Gene activities that mediate increased life span of C. elegans insulin-like signaling mutants - PubMed (original) (raw)

Gene activities that mediate increased life span of C. elegans insulin-like signaling mutants

Andrew V Samuelson et al. Genes Dev. 2007.

Abstract

Genetic and RNA interference (RNAi) screens for life span regulatory genes have revealed that the daf-2 insulin-like signaling pathway plays a major role in Caenorhabditis elegans longevity. This pathway converges on the DAF-16 transcription factor and may regulate life span by controlling the expression of a large number of genes, including free-radical detoxifying genes, stress resistance genes, and pathogen resistance genes. We conducted a genome-wide RNAi screen to identify genes necessary for the extended life span of daf-2 mutants and identified approximately 200 gene inactivations that shorten daf-2 life span.
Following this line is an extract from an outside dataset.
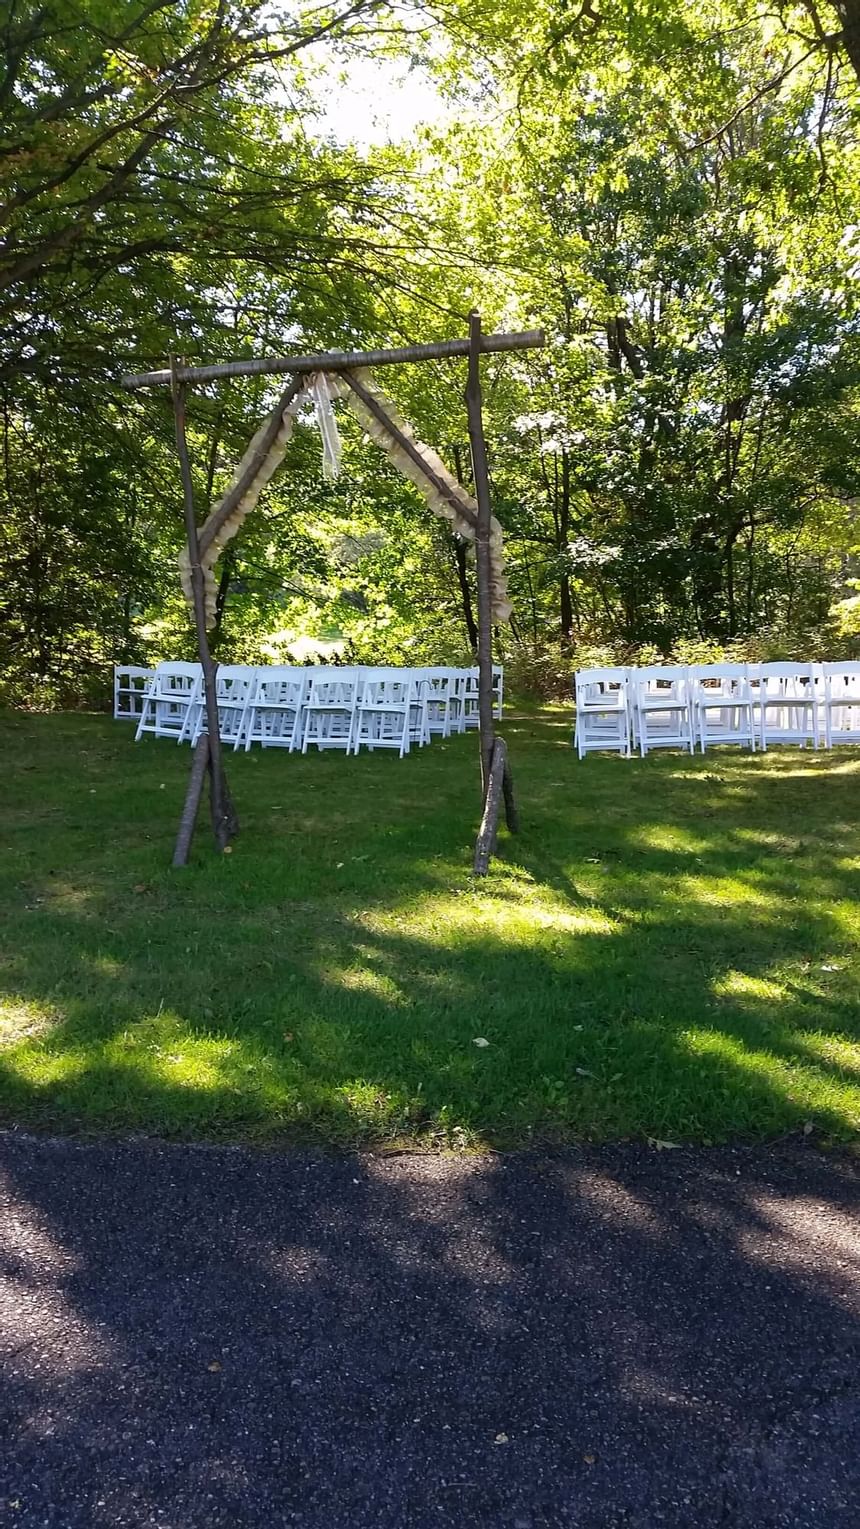 Chairs & decorations arranged in the shades at Evergreen Resort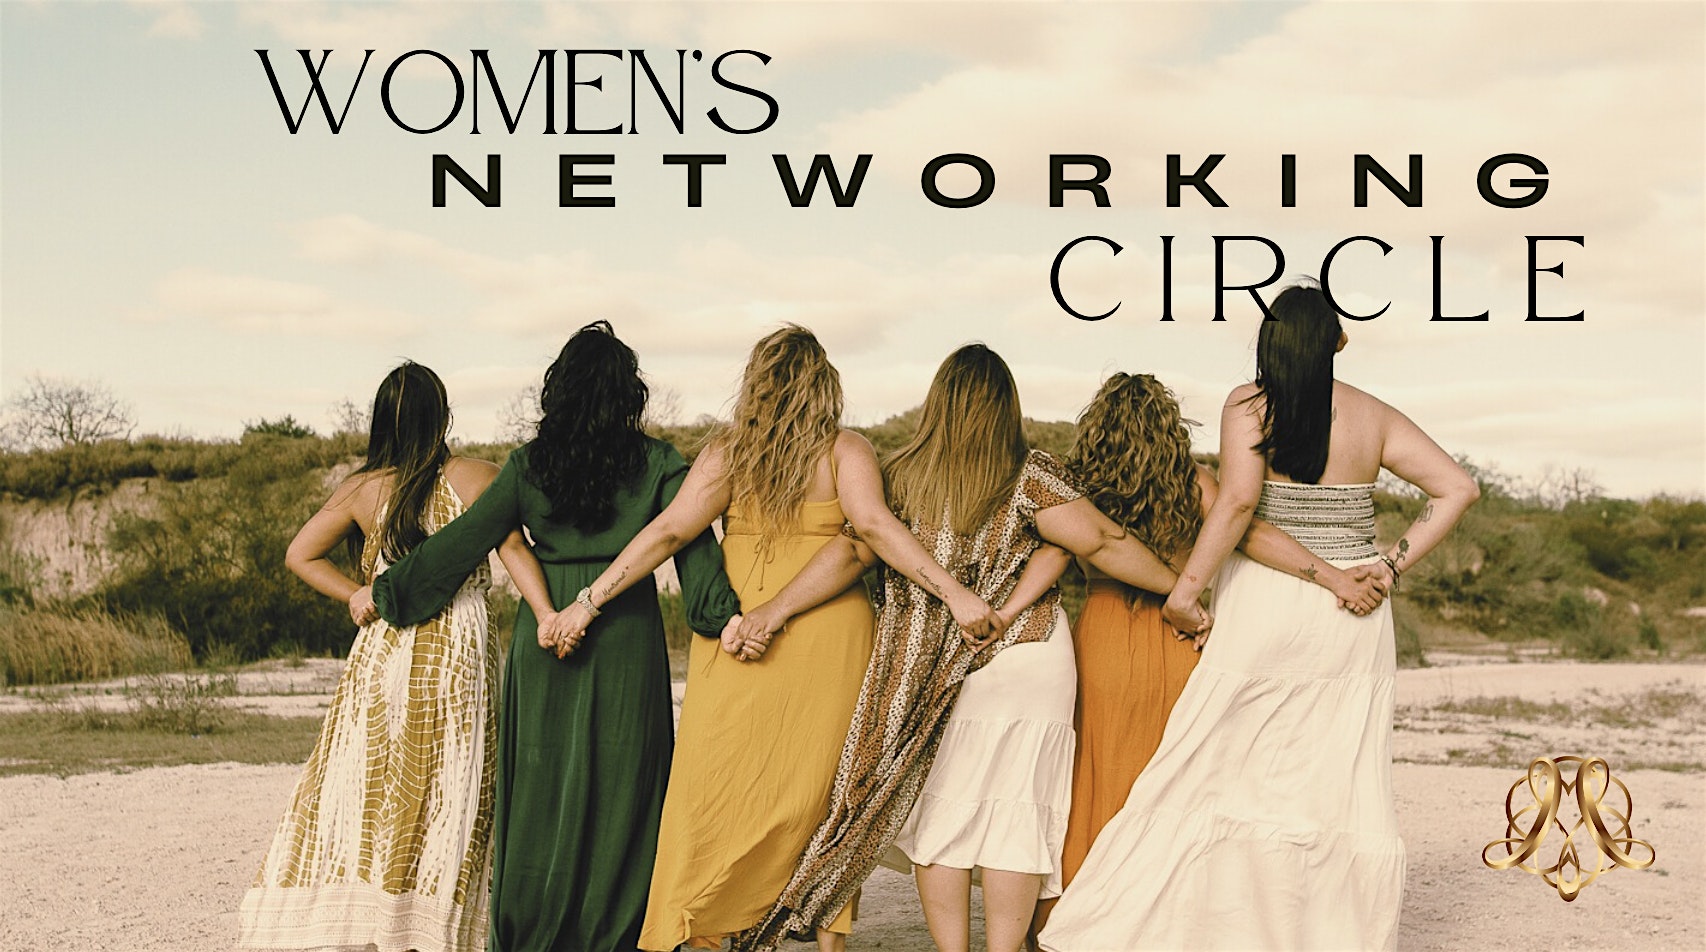 WOMEN'S NETWORKING CIRCLE FOR HOLISTIC AND CREATIVE ENTREPRENEURS HOUSTON

Some of these gene inactivations dramatically shorten daf-2 mutant life span but less dramatically shorten daf-2; daf-16 mutant or wild-type life span. Molecular and behavioral markers for normal aging and for extended life span in low insulin/IGF1 (insulin-like growth factor 1) signaling were assayed to distinguish accelerated aging from general sickness and to examine age-related phenotypes. Detailed demographic analysis, molecular markers of aging, and insulin signaling mutant test strains were used to filter progeric gene inactivations for specific acceleration of aging. Highly represented in the genes that mediate life span extension in the daf-2 mutant are components of endocytotic trafficking of membrane proteins to lysosomes. These gene inactivations disrupt the increased expression of the DAF-16 downstream gene superoxide dismutase sod-3 in a daf-2 mutant, suggesting trafficking between the insulin-like receptor and DAF-16. The activities of these genes may normally decline during aging.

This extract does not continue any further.